Pra não (voltar a) falar de Daniel Levy, entra o nosso chão de fábrica. Um núcleo profissional que, como supracitado, já deu o que tinha que dar. Lloris, Dier, Kane e companhia não terem um troféu pra materializar seus esforços é uma merda sem tamanho, óbvio, mas uma laranja só faz um tanto de suco. Se tentar espremer mais e vai chupar caroço.

Problema ainda maior é que quem era pra integrar o ‘novo núcleo’ virou coadjuvante ou figurante, forçando Dele Alli e Harry Winks a serem pilares de um time que quer brigar por grande coisa na Premier League. E, vai lá, até dá pra culpar Levy, Hitchen ou o recém-chegado Paratici por cada passe errado, porque nem no papel a coisa toda é bonita, mas o rendimento grosseiro de cada um dos novos recrutas não dá margem pra redesenhar algum caminho de esperança.

Tanguy Ndombele é um dos jogadores mais habilidosos do mundo e o maior recurso criativo da equipe, mas jogar quinze jogos por ano com 60% da capacidade pulmonar é desrespeitoso. Já Lo Celso não tem dois momentos memoráveis com a camisa do clube e está pra completar três anos de casa.

Reguilón foi morto por um presunto de Natal, Gollini é tão bom goleiro quanto é bom trapper, Rodon é a definição de zero à esquerda, Bergwijn é o tipo de ser humano que aciona o seguro pra desentupir pia, Sessegnon vive escondido nos sub-23 e, se por dois minutos de cada partida Bryan Gil parece ser o filho que Luka Modric teve com Erik Lamela, nos outros oitenta e oito o espanhol me lembra de cada um dos motivos pelos quais Adel Taarabt saiu chutado do clube. Que deus ajude Cuti Romero e Emerson Royal.

Então, dos TREZE atletas que chegaram de 2019 pra cá, Hojbjerg é o único que realmente se safa. Como é que se reforma uma casa fundada em madeira podre usando mais madeira podre?

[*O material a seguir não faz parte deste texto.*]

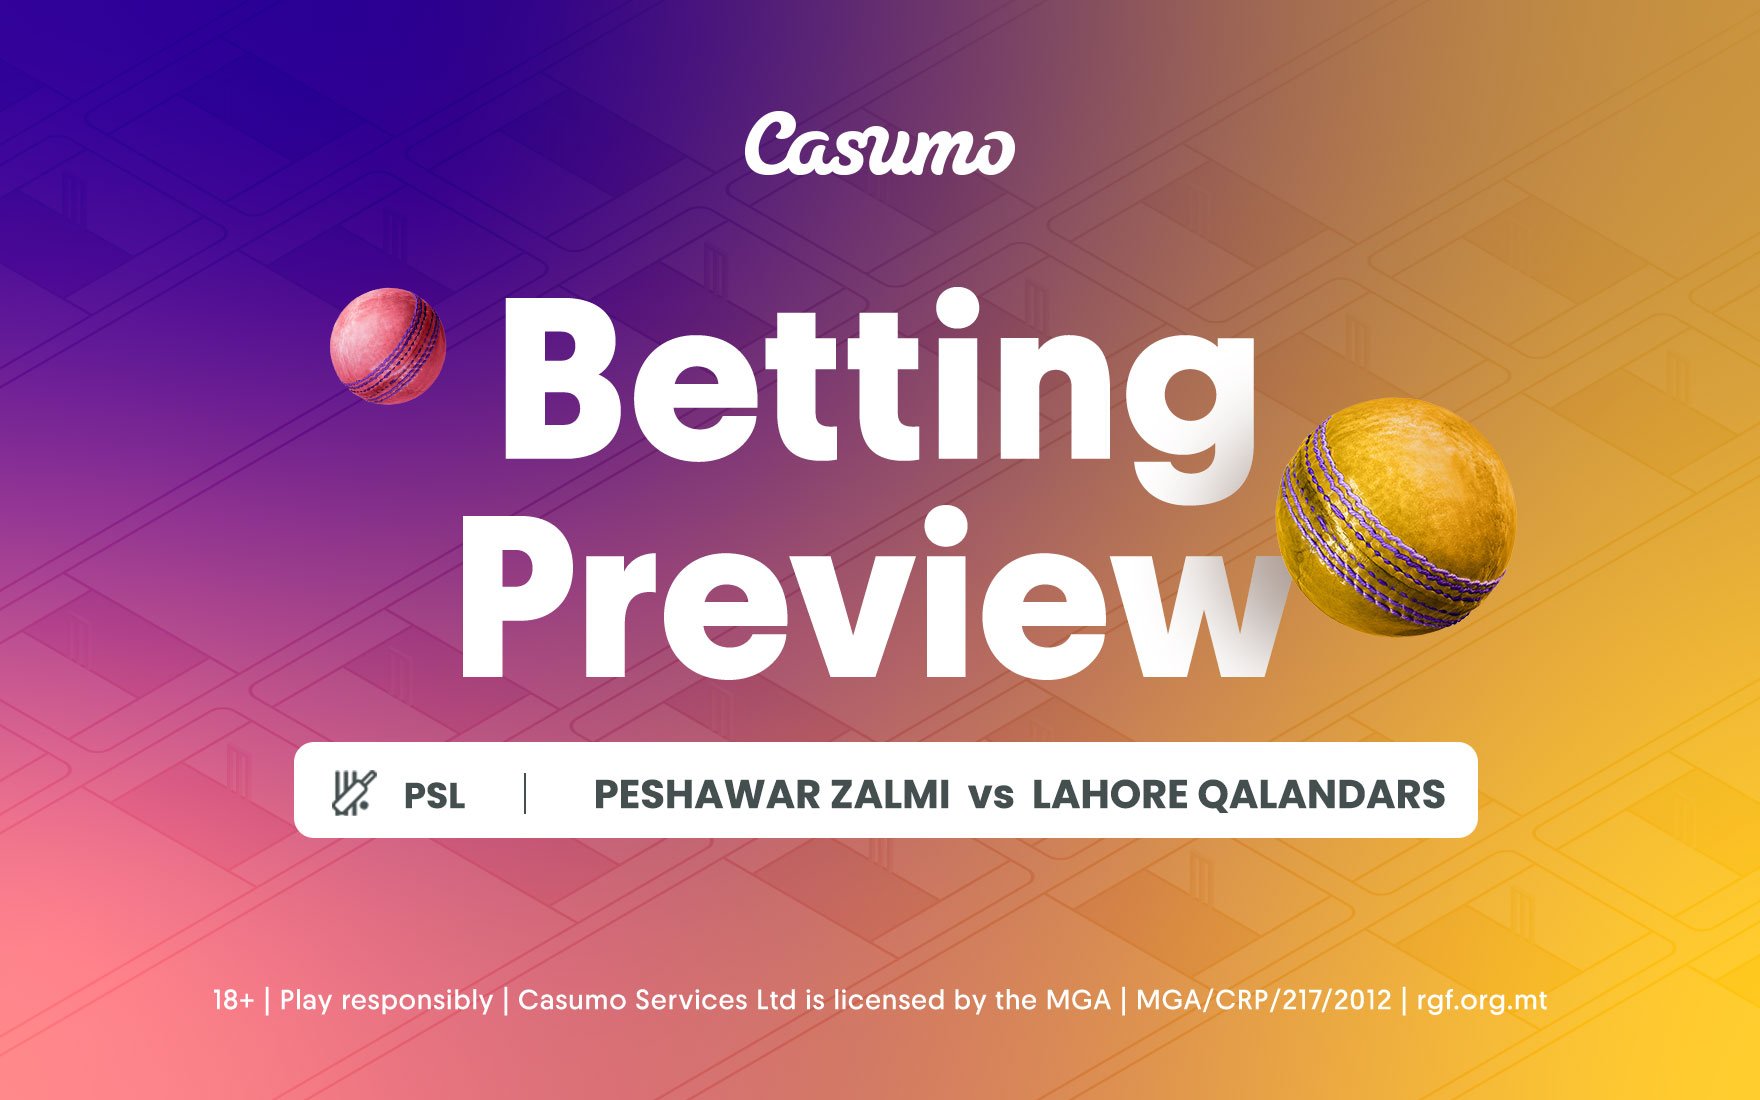 Peshawar Zalmi vs Lahore Qalandars betting tips

Aquele projeto de vencer títulos num futuro próximo foi trocado por um pânico silencioso. O resumo aqui, portanto, é que o Tottenham, que pouco tempo atrás funcionava como epicentro de uma das mais bonitas evoluções do futebol inglês, hoje é um time em constante involução, e este movimento regressivo não dá sinais de pausa.